AnotherSamWilson · Jul 26, 2024 · 0d29e56 · 0d29e56
1 parent 2f45ce4
commit 0d29e56
Showing 1 changed file with 113 additions and 135 deletions.
diff --git a/miceforest/imputation_kernel.py b/miceforest/imputation_kernel.py
@@ -43,124 +43,94 @@ class ImputationKernel(ImputedData):
     Parameters
     ----------
     data : pandas DataFrame.
+        The data to be imputed.
 
-        .. code-block:: text
-
-            The data to be imputed.
-
-    variable_schema : None or list or dict, default=None
-
-        .. code-block:: text
-
-            Specifies the feature - target relationships used to train models.
-            This parameter also controls which models are built.
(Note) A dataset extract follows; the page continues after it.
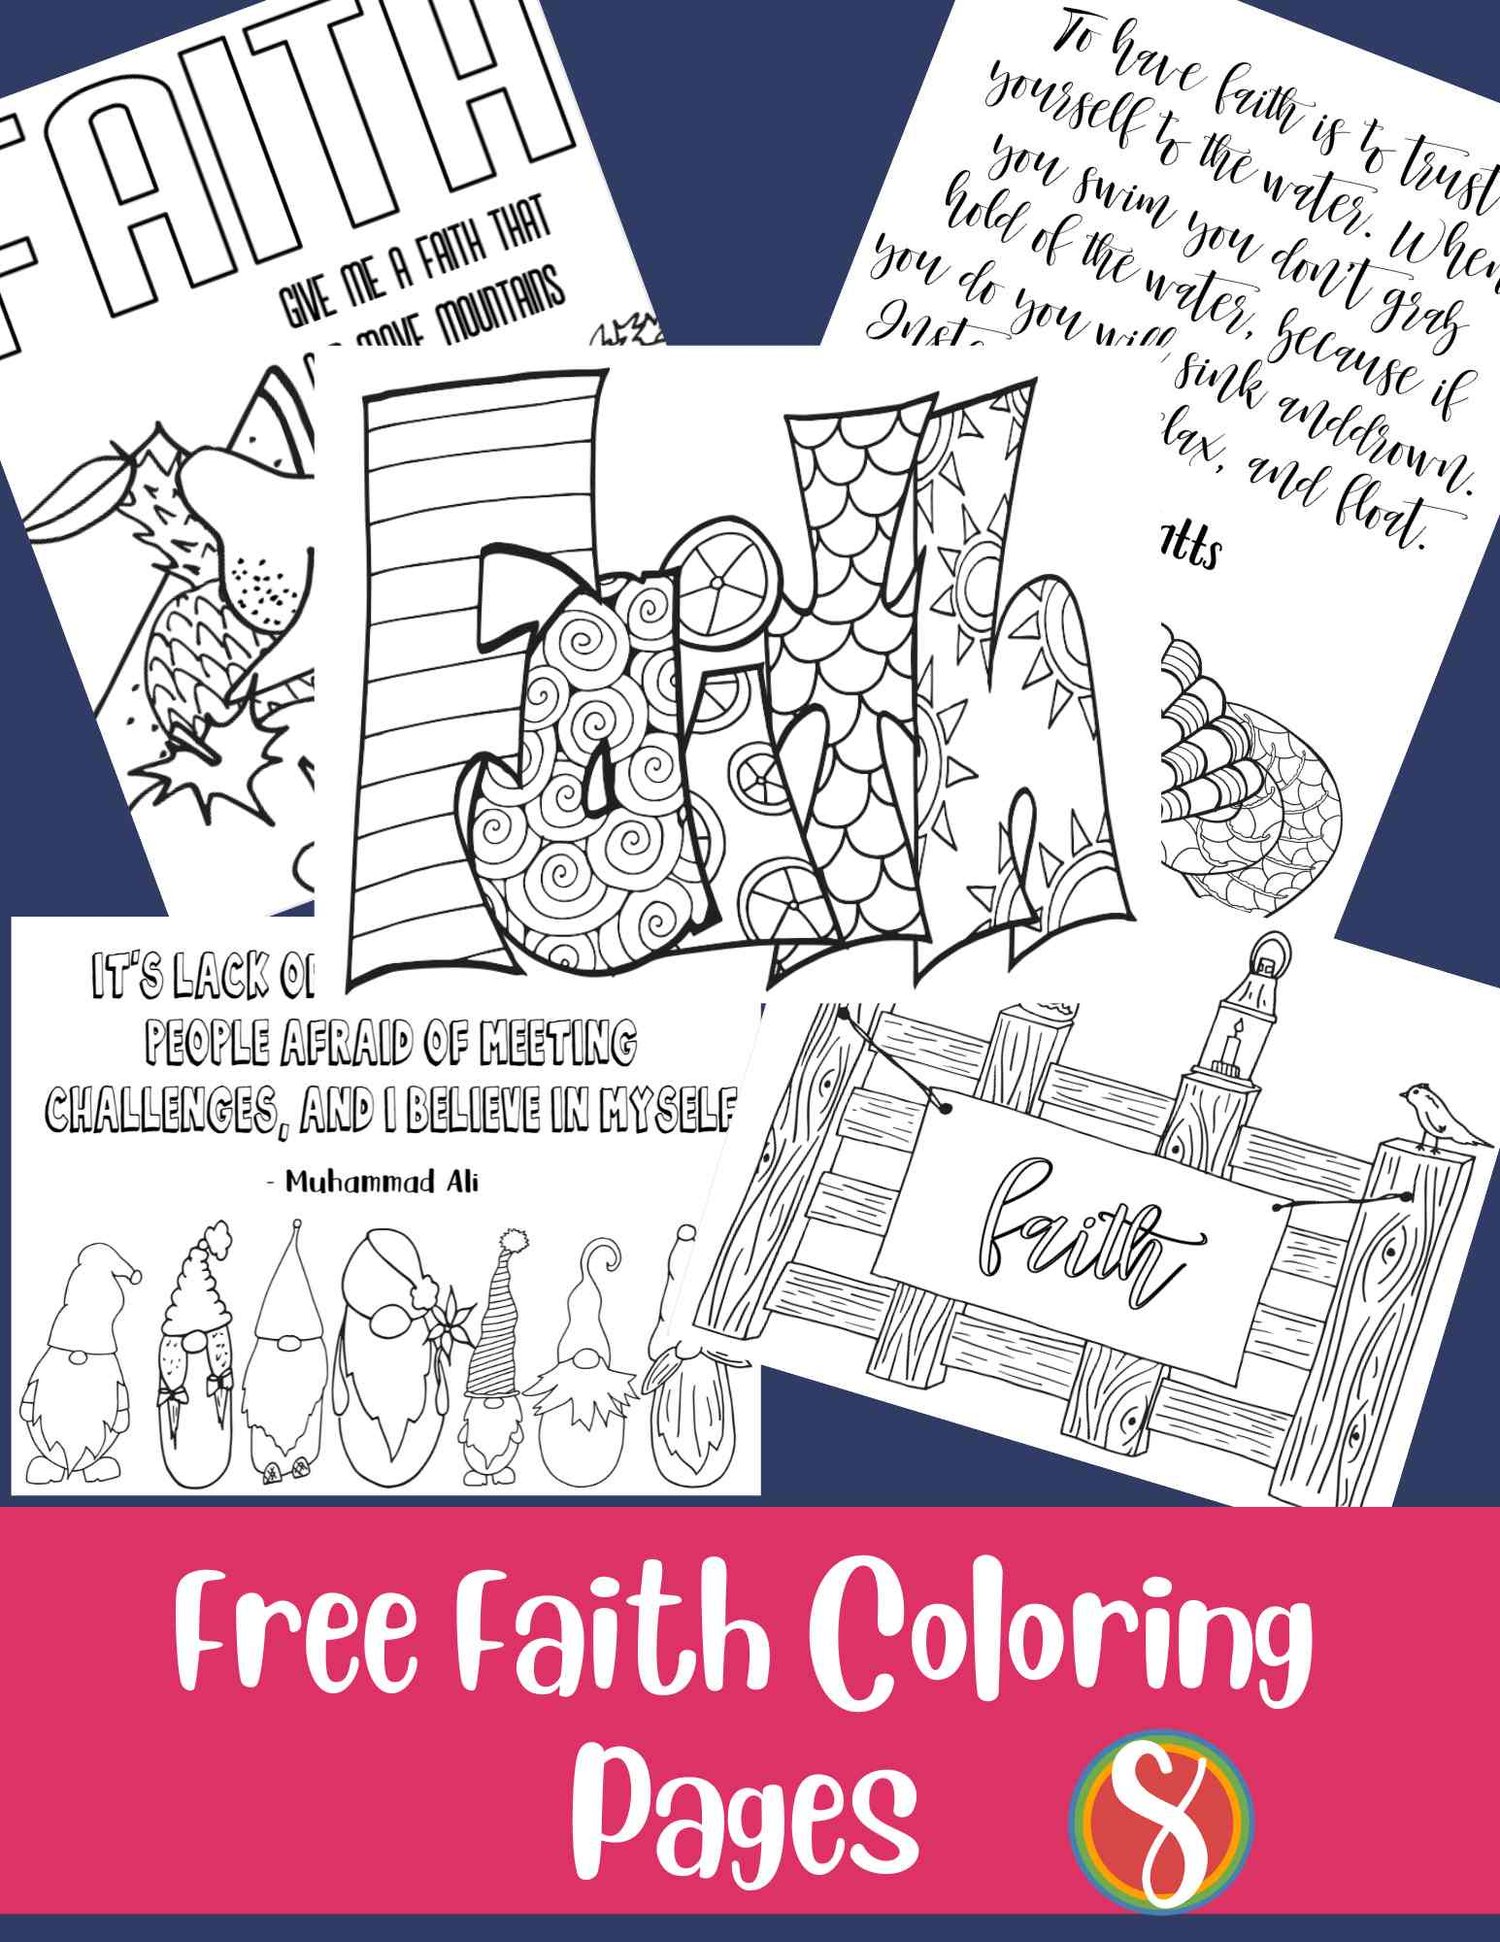 Free faith coloring pages â stevie doodles

Models can be built
-            even if a variable contains no missing values, or is not being imputed.
+    variable_schema : None or List[str] or Dict[str, str], default=None
+        Specifies the feature - target relationships used to train models.
+        This parameter also controls which models are built. Models can be built
+        even if a variable contains no missing values, or is not being imputed.
 
-                - If None, all columns with missing values will have models trained, and all
-                    columns will be used as features in these models.
-                - If list, all columns in data are used to impute the variables in the list
-                - If dict the values will be used to impute the keys.
+            - If None, all columns with missing values will have models trained, and all
+                columns will be used as features in these models.
+            - If list, all columns in data are used to impute the variables in the list
+            - If dict the values will be used to impute the keys.
 
-            No models will be trained for variables not specified by variable_schema
-            (either by None, a list, or in dict keys).
+        No models will be trained for variables not specified by variable_schema
+        (either by None, a list, or in dict keys).
 
-    imputation_order: str, list[str], list[int], default="ascending"
-
-        .. code-block:: text
-
-            The order the imputations should occur in.
-                - ascending: variables are imputed from least to most missing
-                - descending: most to least missing
-                - roman: from left to right in the dataset
-                - arabic: from right to left in the dataset.
+    imputation_order: str, default="ascending"
+        The order the imputations should occur in.
+            - ascending: variables are imputed from least to most missing
+            - descending: most to least missing
+            - roman: from left to right in the dataset
+            - arabic: from right to left in the dataset.
 
     data_subset: None or int or dict.
+        Subsets the data used in each iteration, which can save a significant amount of time.
+        This can also help with memory consumption, as the candidate data must be copied to
+        make a feature dataset for lightgbm.
 
-        .. code-block:: text
-
-            Subsets the data used in each iteration, which can save a significant amount of time.
-            This can also help with memory consumption, as the candidate data must be copied to
-            make a feature dataset for lightgbm.
-
-            The number of rows used for each variable is (# rows in raw data) - (# missing variable values)
-            for each variable. data_subset takes a random sample of this.
+        The number of rows used for each variable is (# rows in raw data) - (# missing variable values)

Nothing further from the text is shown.